━━━━━ Source data

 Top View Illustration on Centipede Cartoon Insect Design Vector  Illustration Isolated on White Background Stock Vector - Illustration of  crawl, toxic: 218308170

━━━━━━━━━━
━━━━━ Source data

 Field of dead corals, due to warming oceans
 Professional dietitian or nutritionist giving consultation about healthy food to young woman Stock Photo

━━━━━━━━━━

Find every line above that contains the word "Stock", and return each one.

Answer box:
 Top View Illustration on Centipede Cartoon Insect Design Vector  Illustration Isolated on White Background Stock Vector - Illustration of  crawl, toxic: 218308170
 Professional dietitian or nutritionist giving consultation about healthy food to young woman Stock Photo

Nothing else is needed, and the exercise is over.